И покидая сессию, разъезжались самочинно.

И правительство размышляло, что же делать с Думой. При всей разноте между министрами, они склонялись, что удобней бы распустить её на вакации.

Кривошеин: Практически Дума исчерпала предметы своих занятий, и в ней создаётся тревожное настроение. Речи и резолюции могут принять открыто революционный характер. Словоговорение увлекает, и ему нет конца. Заседания без законодательных материалов превращают Думу в митинг по злободневным вопросам.

Горемыкин: На Западе сейчас не собирают законодательных палат, а только комиссии их, – но комиссии и у нас работают.

Срочные законы и меры, вызываемые военным положением, безнадёжно было бы пытаться провести через Думу, а при её сессии невозможно и в обход, по 87-й статье.

Щербатов: Нет, ещё не все законопроекты кончены. Нужна санкция Думы для Особого Совещания по беженцам. Присутствие в нём выборных представителей необходимо, чтобы снять с одного правительства ответственность за ужасы беженства и разделить её с Государственной Думою.

Кривошеин: Я думаю, пропустят без задержек. Слишком очевидна необходимость.

Харитонов: Дума отучила нас от оптимизма. Ею руководят не общие интересы, а партийные соображения. Если узнают, что роспуск откладывается из-за беженцев, то закон будут затягивать.
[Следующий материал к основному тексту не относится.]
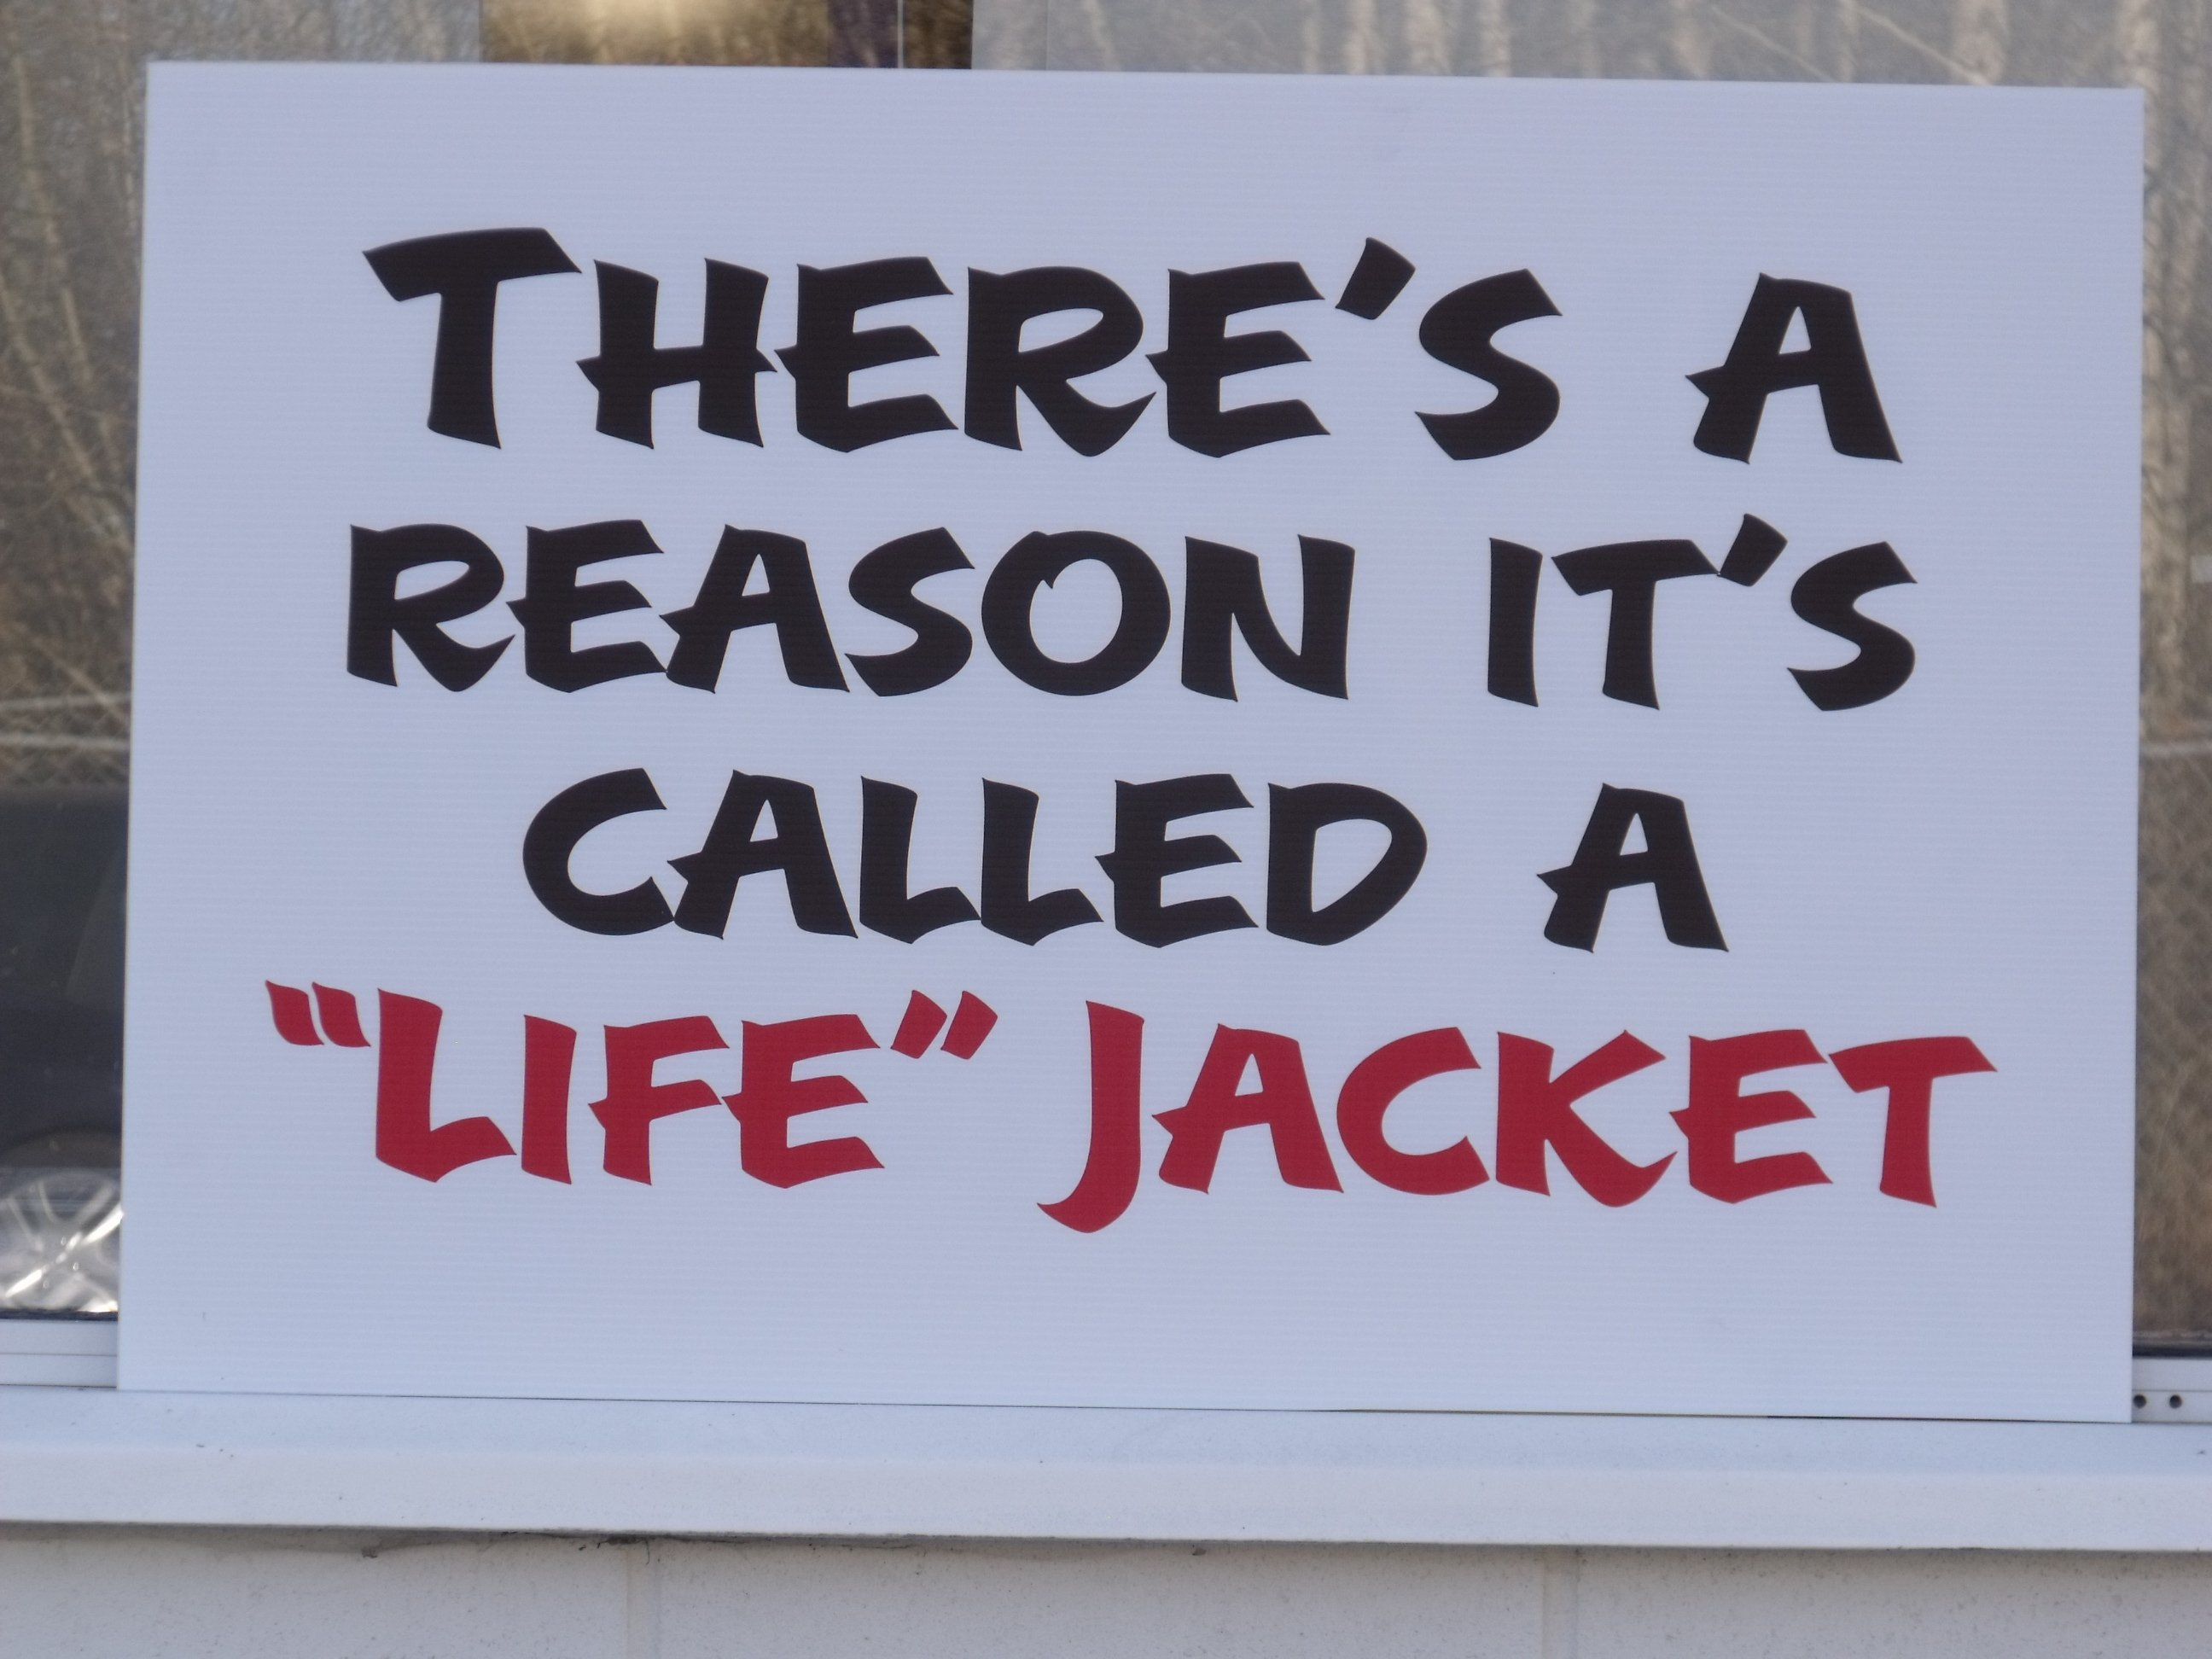 https://0901.nccdn.net/4_2/000/000/079/c81/lifejacket.jpg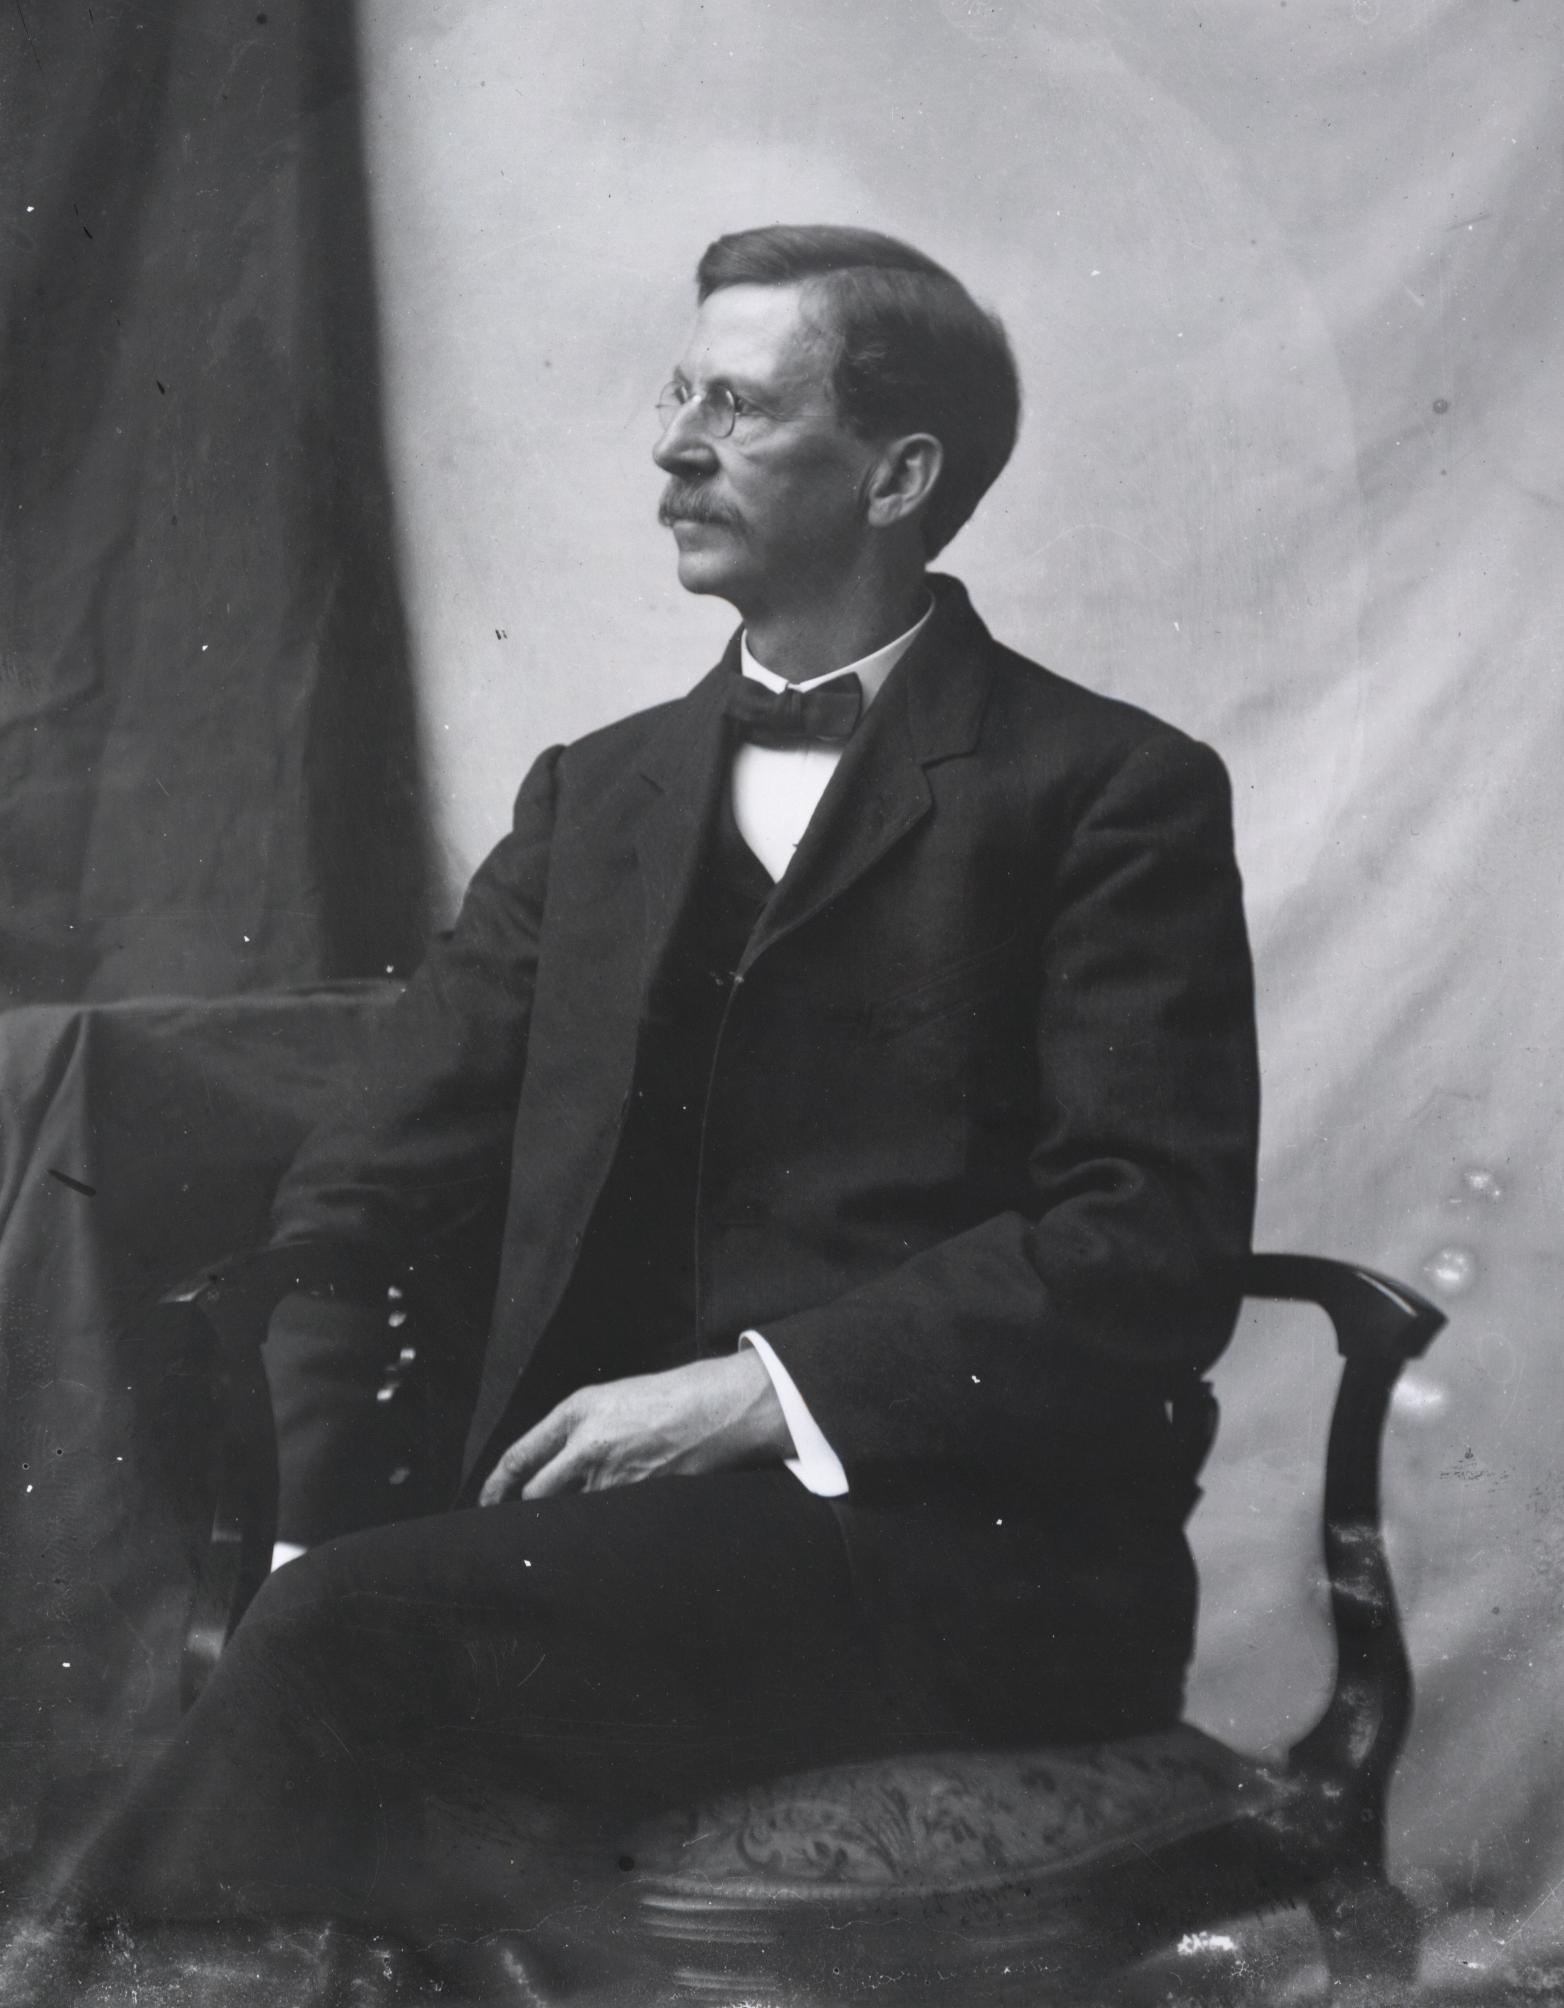 Image of Levin Corbin Handy from Wikidata

Горемыкин: Сказка про белого бычка. И всё равно будут взваливать всю ответственность на правительство. Совещание по обороне состоит из выборных, а за недостатки снабжения ругают исключительно нас.

Кривошеин: Перерыв сессии должен последовать до 1 сентября. Обстановка такова, что расставание с Думой надо обставить благопристойно, оговориться с президиумом, а не как снег на голову.

Харитонов: Родзянко встанет на дыбы и будет утверждать, что спасение России только в Думе.

Горемыкин: Если заговорить с Родзянко, то этот болтун сразу раззвонит на весь свет.

Игнатьев: Не исключена возможность, что Дума откажется подчиниться и будет продолжать заседать.

Щербатов: Вряд ли. Огромное большинство их трусы и дрожит за свою шкуру.

Шквал налетал за шквалом в это ужасное лето. Не успели перебояться народного взрыва от перемены командования – начинали бояться народного взрыва от роспуска Думы. У Горемыкина лежали уже готовые, подписанные Государем (из-за того, что он уехал в Ставку) указы о перерыве занятий законодательных учреждений, и ему предоставлено вписать день роспуска. Но – какой? но – можно ли?